Яблочков, маленький, плотный, с погонами майора медицинской службы, поставил кожаный саквояж на столик перед диваном и, склоняя лысую голову, энергично посверкал очками по лицу Александра и хмыкнул, впиваясь глазами в бинт на его руке.
– Мда! Что называется, оказана первая помощь. Рану, разумеется, не обрабатывали. Да это и понятно. Посмотрим, что у вас за этим милосердным покрытием. Потерпите, когда буду отдирать бинт. Да вам к боли не привыкать.
– Спасибо, Михал Михалыч, что пришли, – проговорил Александр, растроганный приветливо-облегчающим видом Яблочкова, почти родственно близкого ему сейчас, почти родственно связанного с матерью, мысль о которой всегда рождала в нем нежную жалость. – Думаю, что кость не задело… или чуть-чуть… – добавил он.

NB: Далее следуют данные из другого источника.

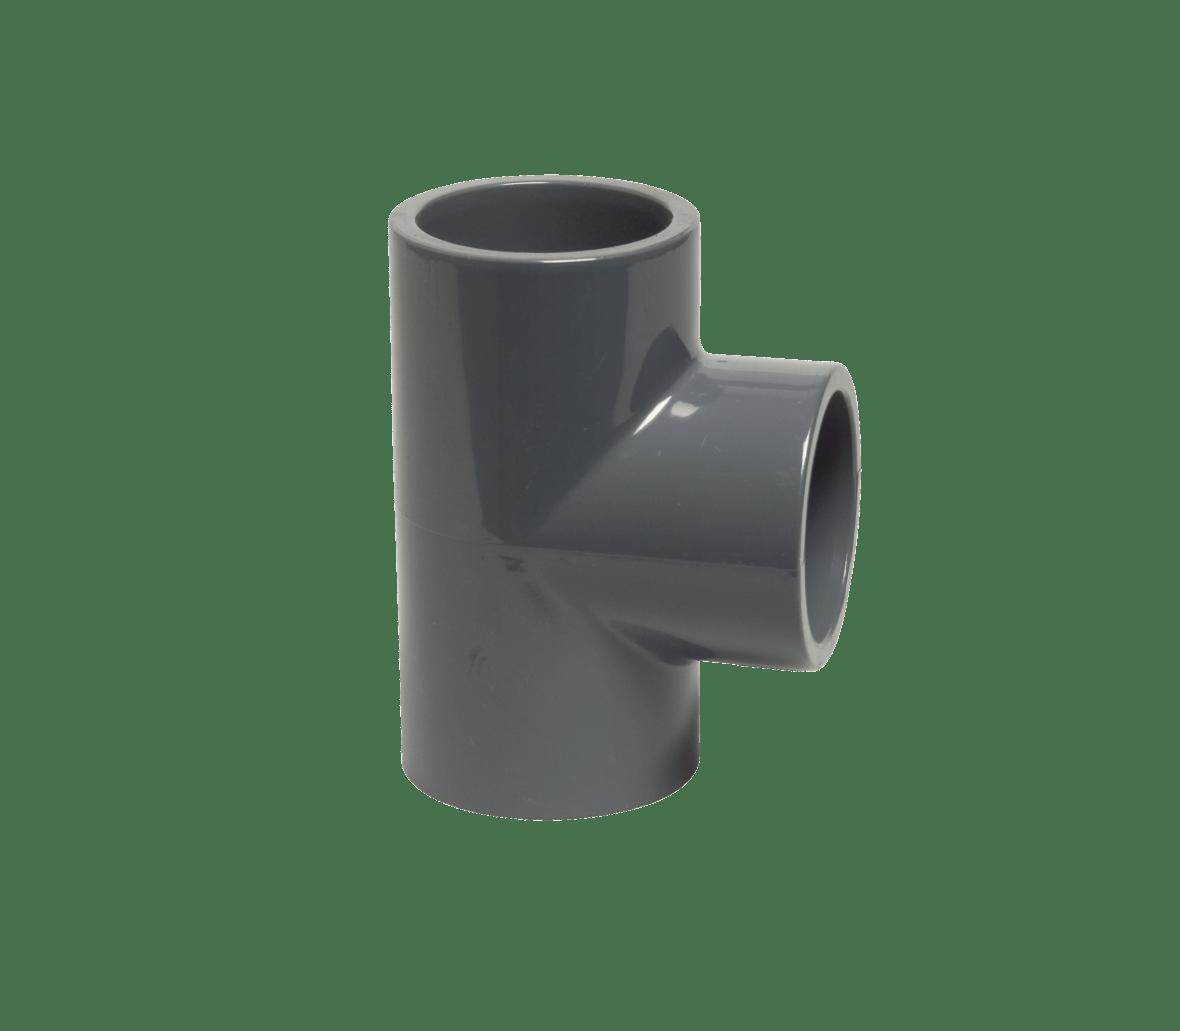 PVC 90° T-piece - ø63

– Разберусь, хоть и не хирург, посмотрим и решим, решим и залатаем, дружище, – сниженно, вроде бы про себя, говорил Яблочков, разматывая бинт на предплечье Александра, в то же время сквозь очки укоряюще взглядывая ему в лицо. – Война кончилась, Саша, кончилась, а мы вот иногда действуем не в равнообъемных обстоятельствах. И это называется догматической косностью между самоутверждением и саморазрушением, неосознанными в твоих годах. Сейчас будет больно. Но, конечно, было больней. – Яблочков постепенно отодрал от раны вместе с ватой бинт, наполовину твердый от засохшей крови, наполовину мокрый от сукровицы, ощупал предплечье. – Так. Картина почти ясная. Здесь болит? Отдает в плечо? Немеют пальцы? Понятно. Причем, Саша, те обстоятельства, – продолжал говорить убавленным голосом Яблочков, – были совершеннее, чем жизнь в мирные дни. Сейчас обработаю раны, и станет легче. Укол от столбняка, к сожалению, сделаем с опозданием.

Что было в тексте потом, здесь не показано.